UPDATE: Mendez Reinstated as IBF Jr. Lightweight World Champion, Rematch with Barthelemy Next?

In an update to the controversial ending in the IBF World Jr. Lightweight Championship fight between champion Argenis Mendez and challenger Rances Barthelemy, the Minnesota department of labor and industry has officially changed the result of the bout to a no decision. The fight which took place on January 3rd at the Target Center in Minneapolis was originally won by Barthelemy via second round knockout. The basis of the controversy was that Barthelemy knocked Mendez out by landing a combination that landed after the bell had rung to end the second round. Originally Mendez was counted out by Referee Pete Podgorski as Podgorski originally ruled the punches landed by Barthelemy to be legal.

According to a written ruling by Minnesota department of labor and industry Commissioner Ken B. Peterson released on Thursday stated quote “The referee's ruling that Mr. Mendez had been legally knocked out was inadvertent through what can only be considered human error. Referee Podgorski acknowledges that he was getting into position, but the bell sounded while he was circling so his decision was based upon what he could hear and see at the time.  The law requires that a Commissioner overrule the referee and enforce the plain language of the rules. For the purposes of the State of Minnesota, the boxing contest between Mr. Mendez and Mr. Barthelemy is a No Decision. The State of Minnesota is indifferent regarding the issue of who is the holder of the Super Featherweight title of the International Boxing Federation as a result of this decision. The International Boxing Federation, not the State of Minnesota, has authority over its titles.” 

The International Boxing Federation (IBF) has reinstated Mendez as it’s Jr. Lightweight World Champion. As this observer stated following the controversial ending of this fight earlier this month, I believe that the fairest course of action in this circumstance would be for the IBF to mandate an immediate rematch between Mendez and Barthelemy.

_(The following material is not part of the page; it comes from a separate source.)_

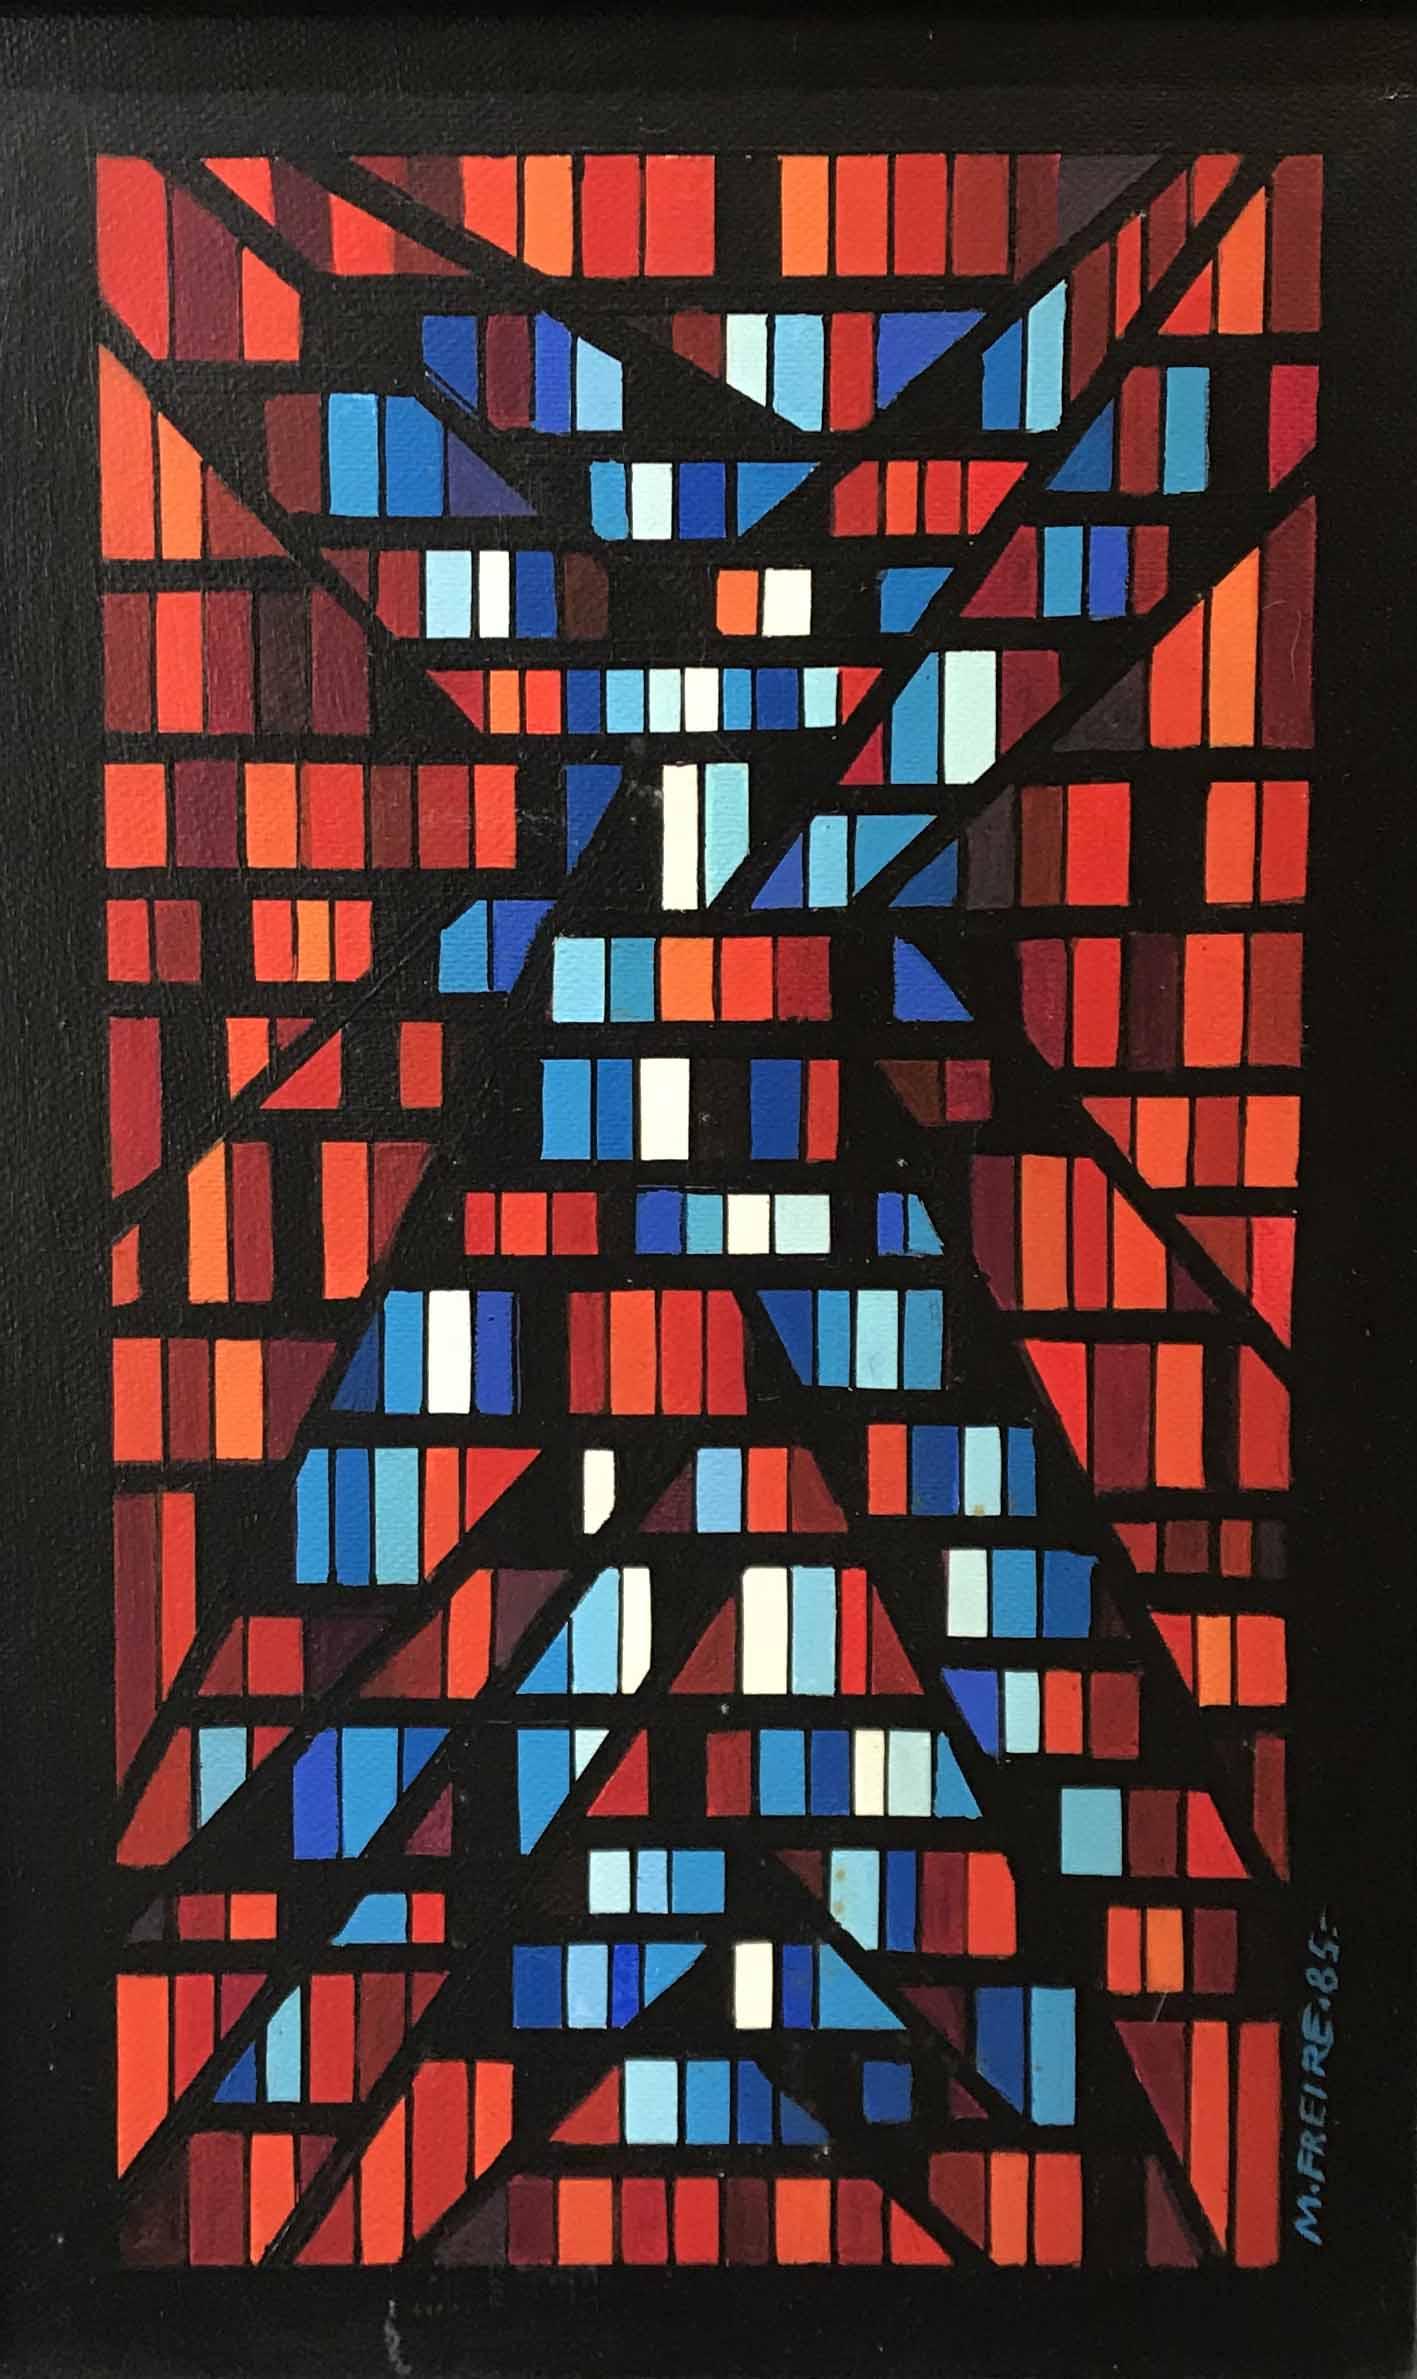 """MARIA FREIRE (1917 - 2015) """"RADIANTE"""" Acrílico sobre fibra; 45 x 29 cm. Firmado y fechado ´85 abajo a la derecha. Al dorso Firmado, fechado, titulado """"Radiante 10/1985"""". POR CONSULTAS DE PRECIOS, CONTACTE LA GALERIA. FOR PRICE´S ENQUIRIES, PLEASE CONTACT THE GALLERY."""

Although as I stated there may be fans who may have been of the opinion that Rances Barthelemy was on his way to a convincing victory over Mendez as he had dominated the fight up to it’s conclusion, it was up to both the IBF and those who regulate Boxing in the state of Minnesota to review the footage of this fight and make a decision based on rules and regulations and not assumptions as to what may or may not have happened had the fight continued with no controversy. For now as I stated in my earlier coverage of this fight that I hoped this controversy would be resolved as quickly as possible has been realized.

  The one thing that is clear is that the story of Argenis Mendez versus Rances Barthelemy is not finished yet. For the sake of both fighters hopefully a rematch will be made as soon as possible. Stay tuned.

“And That’s The Boxing Truth.”

The Boxing Truth® is a registered trademark of Beau Denison All Rights Reserved.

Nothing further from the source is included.